Figure 18 shows the primary appearance detection ratio for different average primary ON time E[on]. The primary appearance detection ratio indicates whenever primary turns on how accurately the secondary system detects the primary appearance. In the conventional method, for shorter E[on] case, the primary activation time can be smaller than the sensing interval so that secondary system cannot sense the primary appearance. The primary only can be detected when primary activation time is overlapped with the secondary sensing time. The proposed methods always show very high (> 0.98) primary appearance detection ratio.
Fig. 18
Fig. 18

PU existence count ratio according to E[on]. Shows the detection ratio of the number of PU appearances according to the ratio of E[on]. The proposed method has a high value in all regions because it continuously sense the channel. However, the conventional method cannot detect if the PU appears only in the data transmission interval because the sensing and transmission intervals are alternately performed. The conventional method increases the PU existence count ratio because E[on] increases the probability that the sensing interval overlaps with the PU busy interval

5 Conclusions

In this paper, we proposed an algorithm to dynamically select the sensing time and reporting interval in order to adapt to the surrounding environment using Q-learning in an IA-based CR network. We change the system to eliminate the dependence on the PU information unlike the conventional IA-based CR system. Therefore, we can continuously monitor the PU by designating a sensor dedicated to sensing. However, the remaining SUs need to periodically receive the sensing results from the sensor. In this mechanism, the optimization issue turns into how often to receive the sensing results. We define this as the sensing time and its multiple for reporting interval, and solve this problem using Q-learning, a typical reinforcement learning algorithm. We assigned the action of Q-learning as the set of products from sensing time and multiple of that. We designate state as the set of products of the interference ratio and transmission opportunity loss ratio. We propose a method to predict the interference ratio and loss ratio without any assumptions about the operation of the PU and confirm that it is close to the actual interference ratio and loss ratio. We designed the reward considering the interference ratio, the loss ratio, and the load on the system and compared it with the fixed case for each SNR through simulation. In addition, as the SNR changes, we can confirm that the system operates dynamically and operates stably. Furthermore, we also assure that benefit of the proposal since this system can sense the channel continuously.

6 Methods/experimental

The purpose of this study is to minimize the interference to the primary user and to keep the monitoring of primary users by continuously sensing without alternating between sensing and data transmission. For this purpose, the IA-based cognitive radio system performs the spectrum sensing by assigning a secondary user as a sensor. In this paper, we propose a precoding and decoding method for this system, and propose a sensing method for each case when the secondary user transmit the data and does not transmit according to the existence of primary user. Since the role of the spectrum sensing is limited to the sensor node, it is necessary to determine the period for other secondary user to receive the sensing result from the sensor and the sensing time. Those are selected by the Q-learning. Q-learning is a representative learning algorithm that allows the agent to identify the state of the agent and to take appropriate action by identifying the surrounding information. In the proposed system, the state of the agent (CH) is defined as the combination of the interference ratio of the PU and transmission opportunity loss ratio of the SU. In this paper, we propose a method to calculate the interference ratio and the transmission opportunity loss ratio using the statistical characteristics of the PU obtained by continuous sensing. The action of the agent is the combination of a sensing time and period for reporting the sensing result. The time-dependent mechanical relationship is stored in the Q-table when the interference ratio and the transmission opportunity loss ratio are determined according to the selected action (sensing time and sensing result). The Q-learning uses the information stored in the Q-table to select the most appropriate action for a given state at each time.

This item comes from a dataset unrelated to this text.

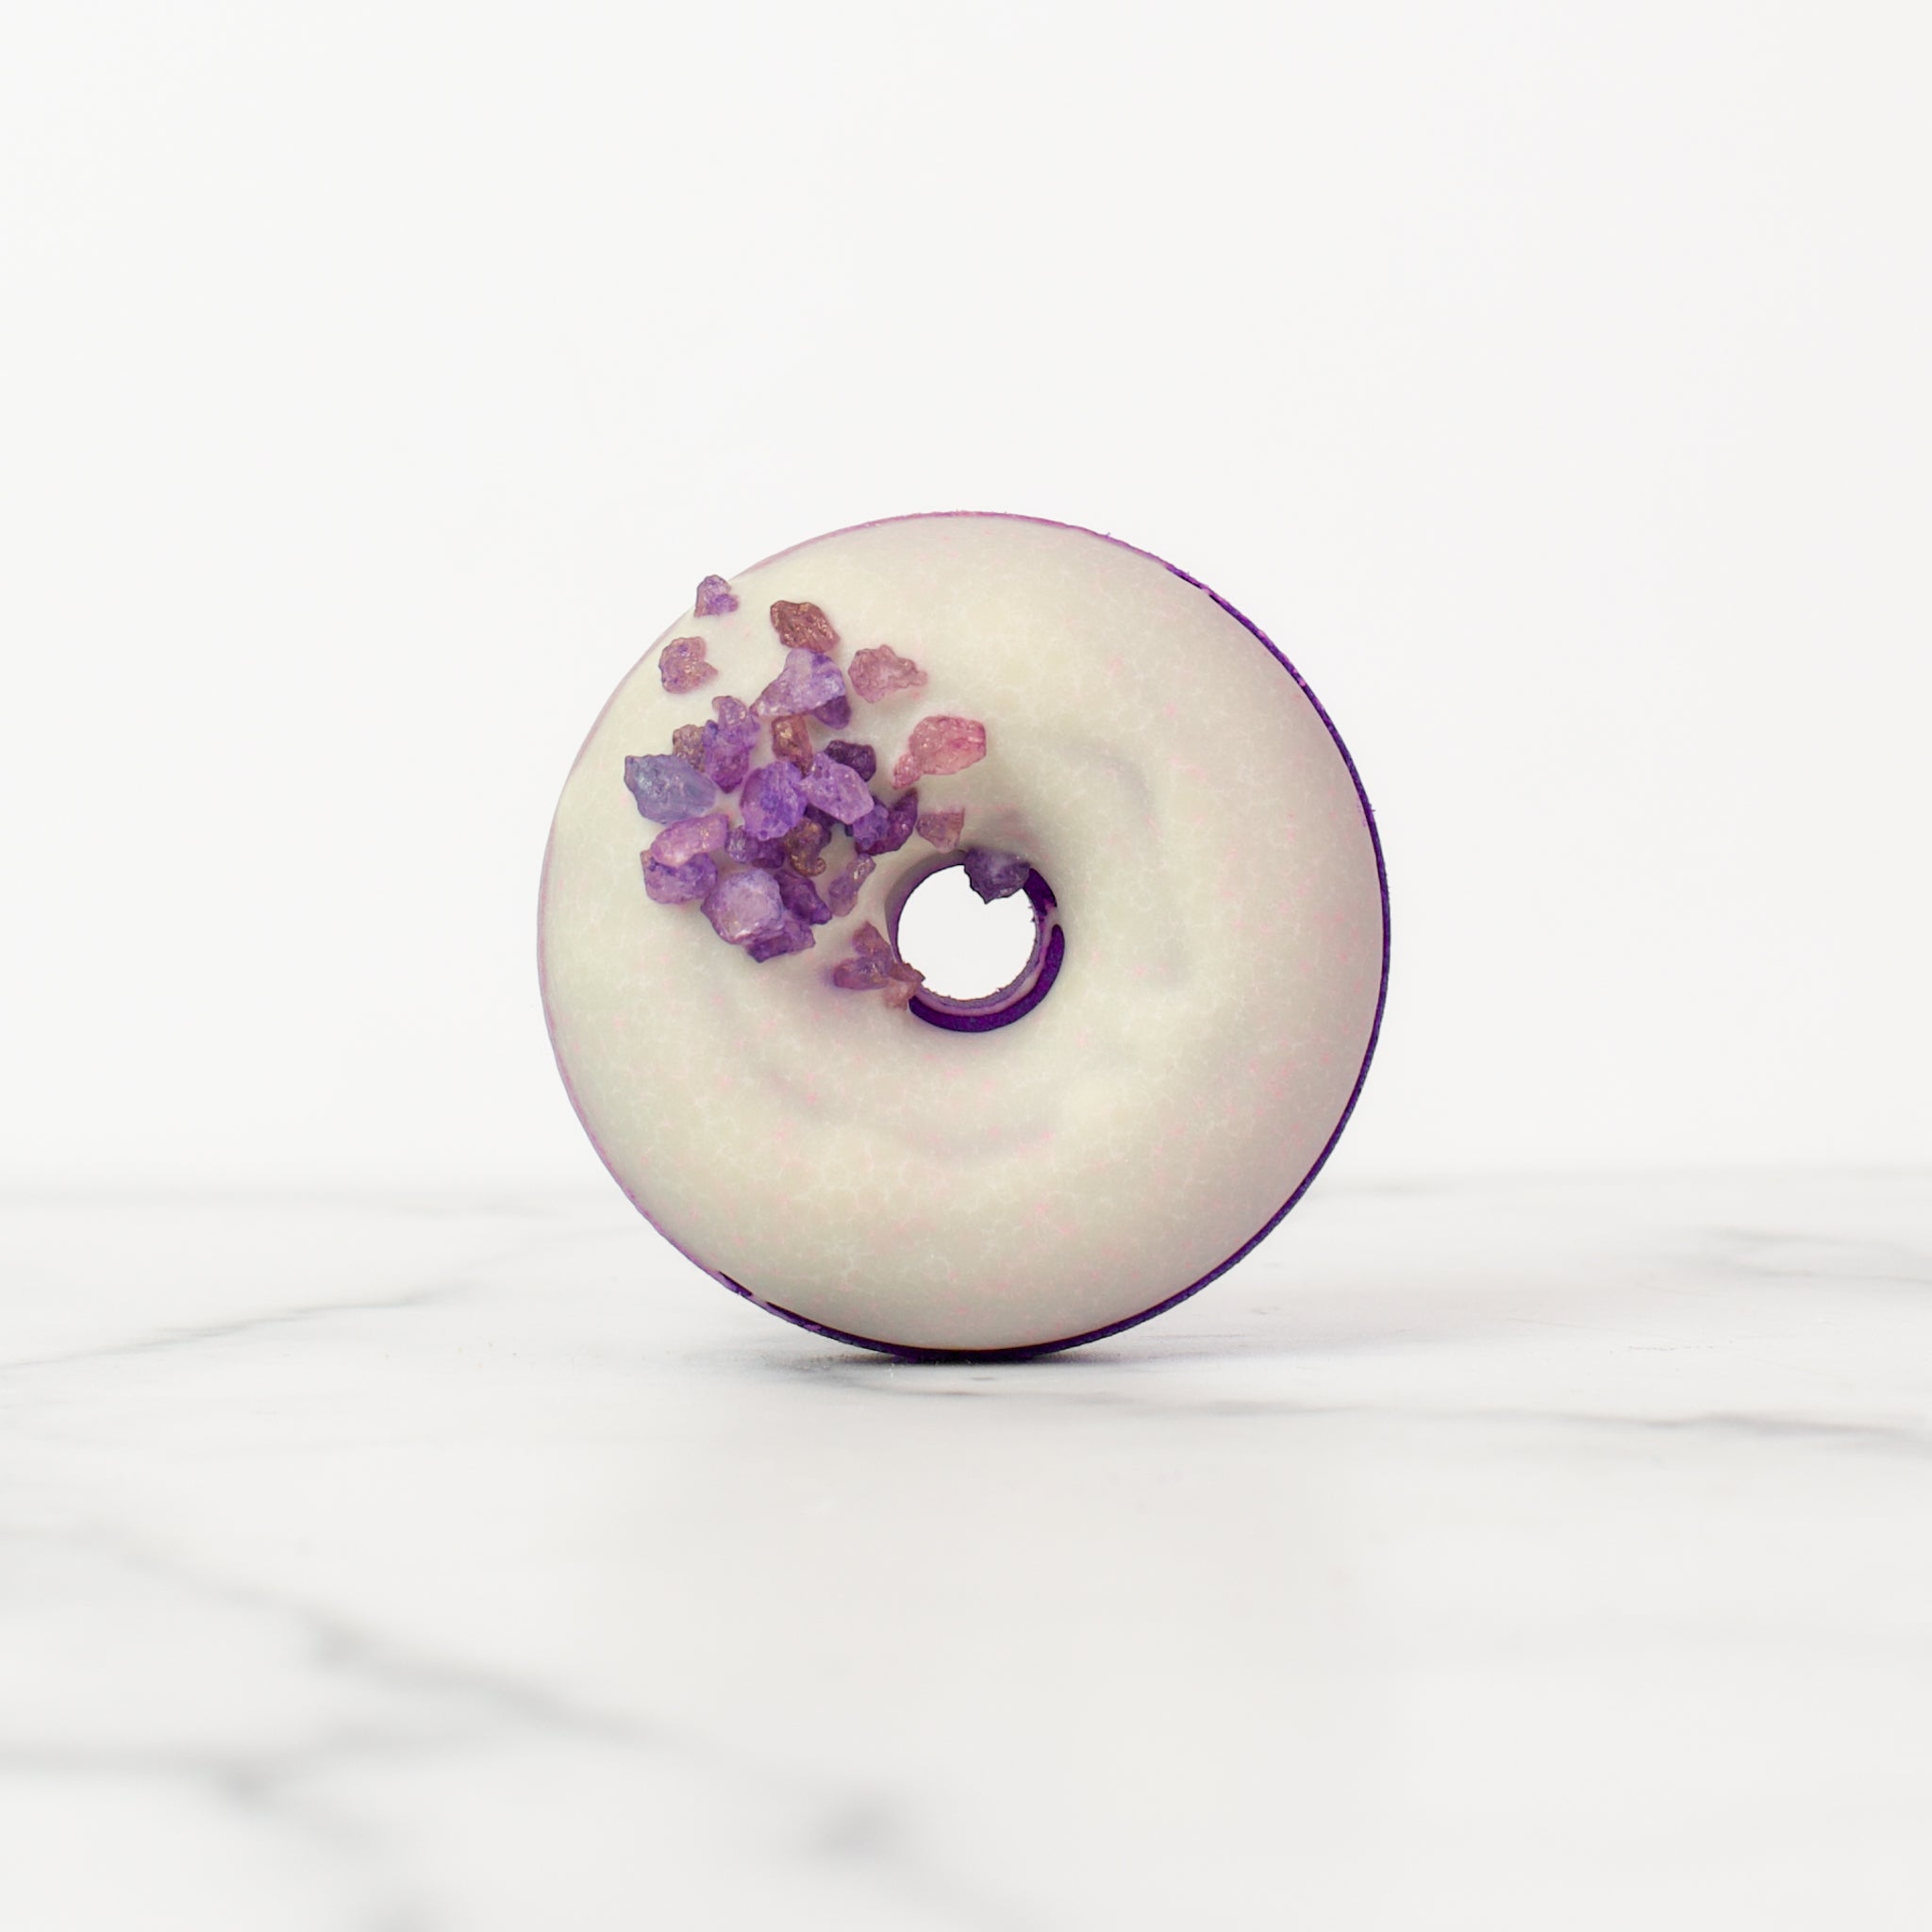 One large donut Moonflower bath bombs on a white background. Moonflower is a dark purple bath bomb with a white glaze and purple gemstone sprinkles.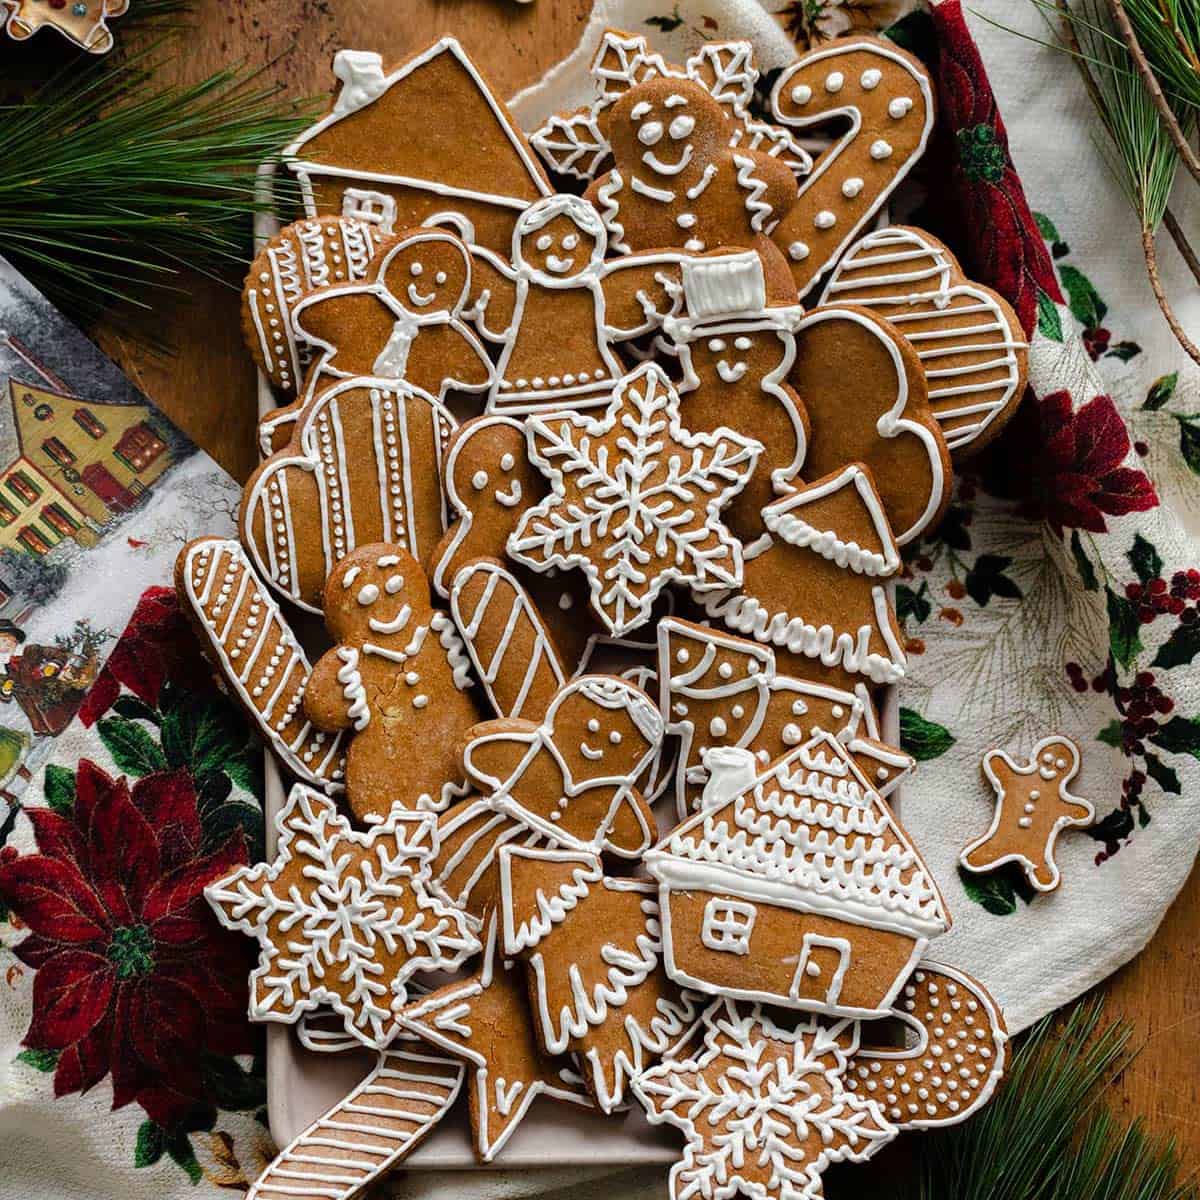 A bunch of gingerbread cookies.

Experimental results in this paper had performed using MATLAB R2015b on Intel® Core i7 3.4 GHz system. The exponential random function to generate the PU over time and Q-table matrix for Q-learning can be made by constructing appropriate MATLAB code.

Abbreviations

AWGN: 

Additive white Gaussian noise

CR: 

Cognitive radio

D2D: 

Device-to-device

DoF: 

Degree of freedom

IA: 

Interference alignment

ISM: 

Industrial, Scientific and Medical

LTE-U: 

Long Term Evolution in unlicensed spectrum

MIMO: 

Multi-input multi-output

PDF: 

Probability density function

PSK: 

Phase shift keying

PU: 

Primary user

SDP: 

Semi-definite programming

SU: 

Secondary user

TVWS: 

TV white spaces

UPT: 

Unprotected primary user transmission

ZF: 

Zero forcing

Declarations

Dataset of simulations

The simulation was performed using MATLAB in Intel Core i7 (32 bit).

The alternate sequence about busy and idle states of PU follows exponential distribution. More details could be found in [39].

For the MIMO-based sensing, antenna correlation is 0.5, which is referred to [40].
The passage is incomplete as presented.